Scientific classification
- Kingdom: Plantae
- Clade: Tracheophytes
- Clade: Gymnospermae
- Division: Pinophyta
- Class: Pinopsida
- Order: Pinales
- Family: Pinaceae
- Genus: Pinus
- Subgenus: P. subg. Pinus
- Section: P. sect. Trifoliae
- Subsection: P. subsect. Ponderosae
- Species: P. engelmannii
- Binomial name: Pinus engelmannii Carr.

= Pinus engelmannii =

- Authority: Carr.
- Conservation status: LC

Species of conifer

Pinus engelmannii, commonly known as the Apache pine, is a tree of Northern Mexico, in the Sierra Madre Occidental with its range extending into the Southwestern United States. This pine is a medium-sized species with a height of 20–30 m and a trunk diameter of 35–80 cm.

The branches are sparse and very stout, giving the tree a distinct appearance. The needles, among the longest of any pine, are in bundles of three (occasionally five); typically 20–40 cm, though Mirov cites needles up to 50 cm long, stout, and spreading to slightly drooping. The cones are 8–16 cm long, green or purple when growing, maturing glossy brown, moderately oblique with stoutly spined scales on the outer side (facing away from the branch).

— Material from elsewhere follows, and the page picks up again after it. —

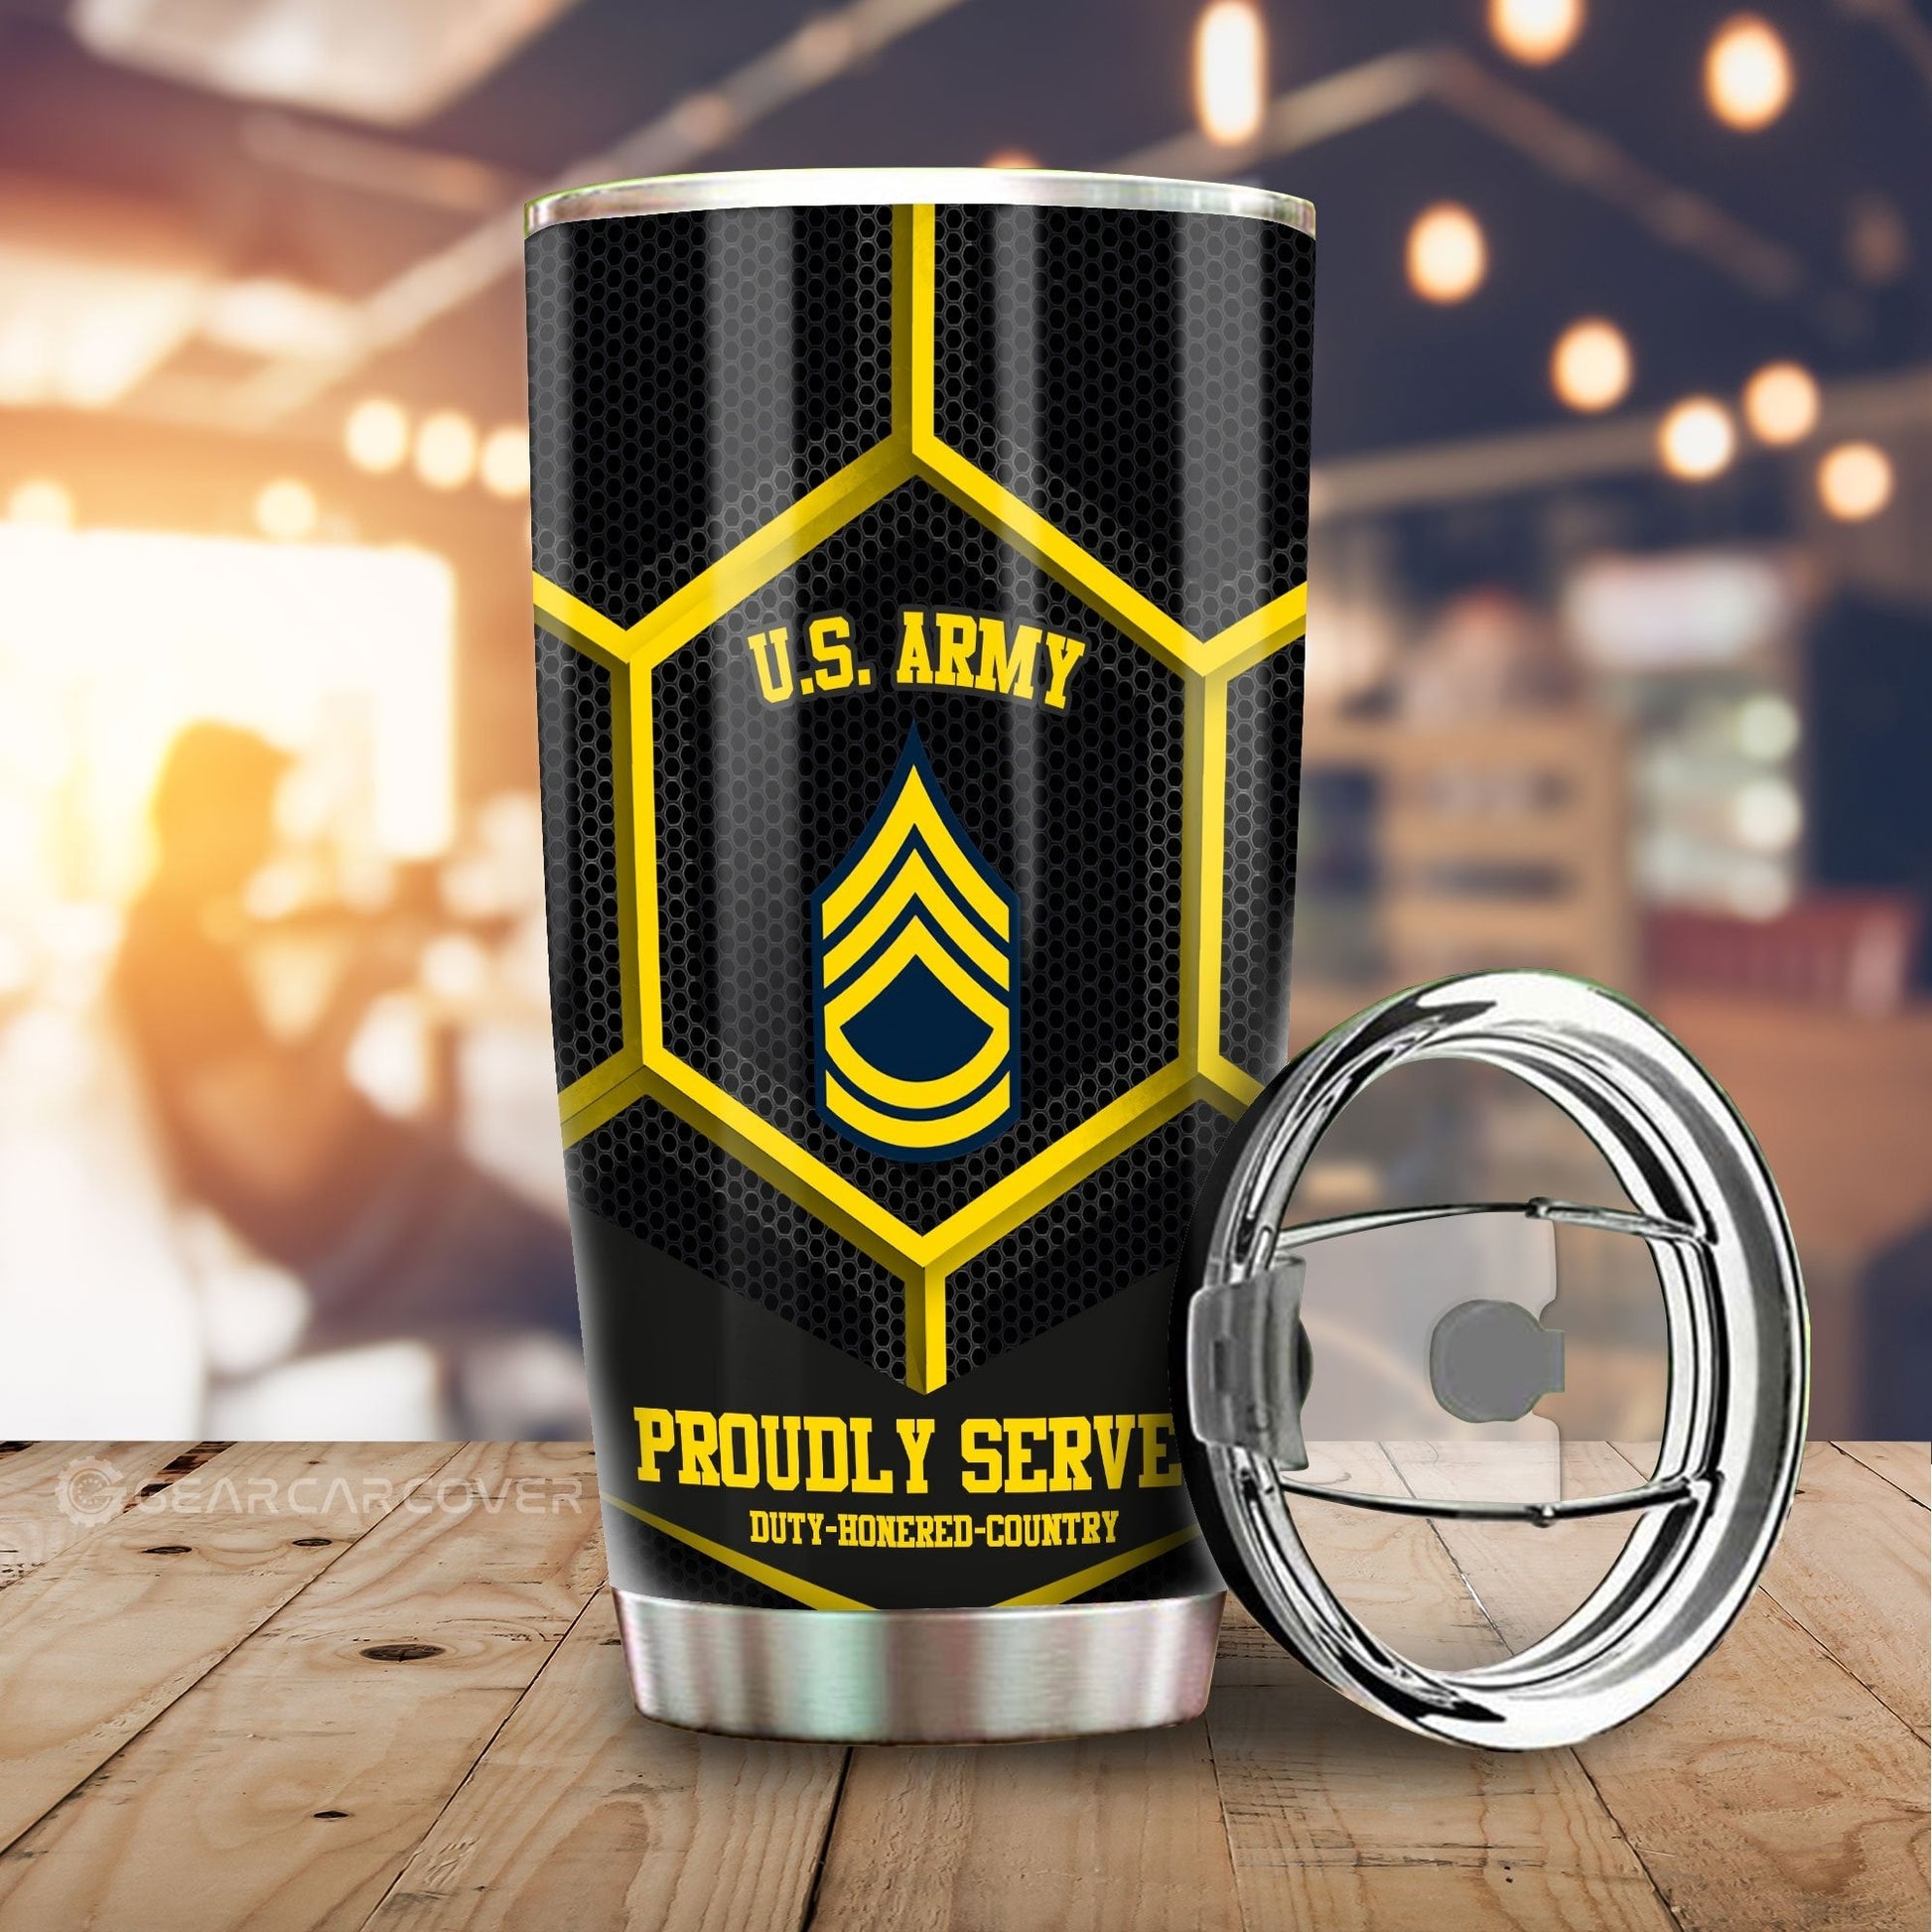 Personalized U.S Army Veterans Tumbler Cup Customized Name US Military Car Accessories - Gearcarcover - 2
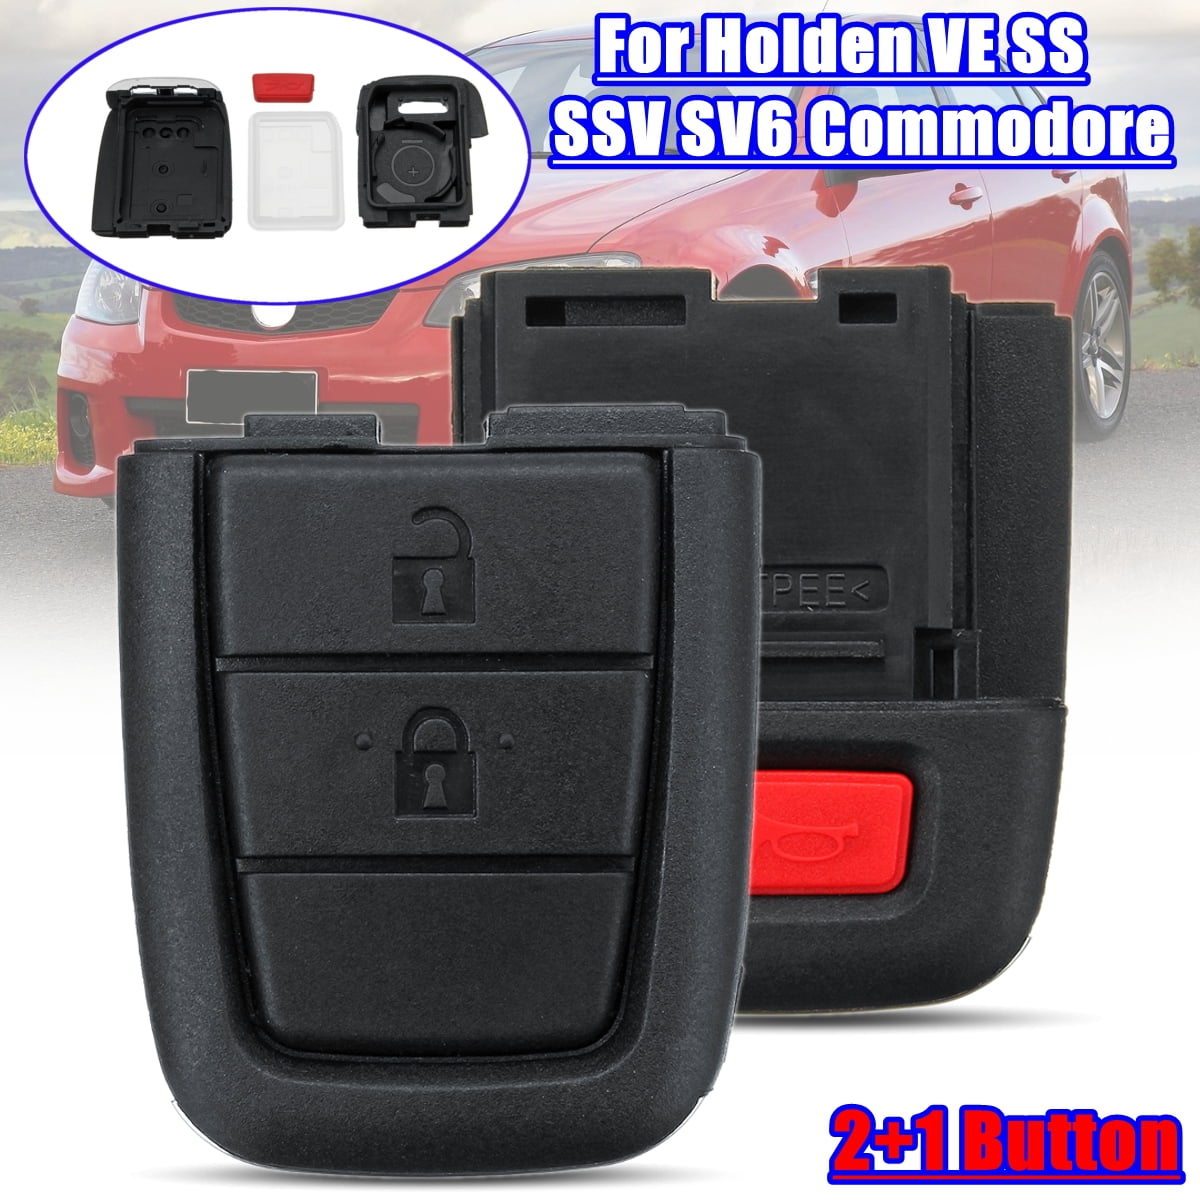 To Suit Holden VE SS SSV SV6 UTE Commodore Replacement Key 2 Button Shell/Case

The Apache pine sometimes shows a grass stage like the related Michoacan pine (P. devoniana) and also longleaf pine (P. palustris).

The English name refers to the species' occurrence in the lands of the Apache Native Americans, while the scientific name commemorates the pioneering American botanist George Engelmann who discovered the species in 1848. Engelmann first named the species Pinus macrophylla, but this name had already been used for another pine, so it had to be renamed; this was done by the French botanist Carrière, who chose to honour Engelmann.

Apache pine was sometimes treated as a variety of ponderosa pine in the past (as P. ponderosa var. mayriana), but it is now universally regarded as a distinct species.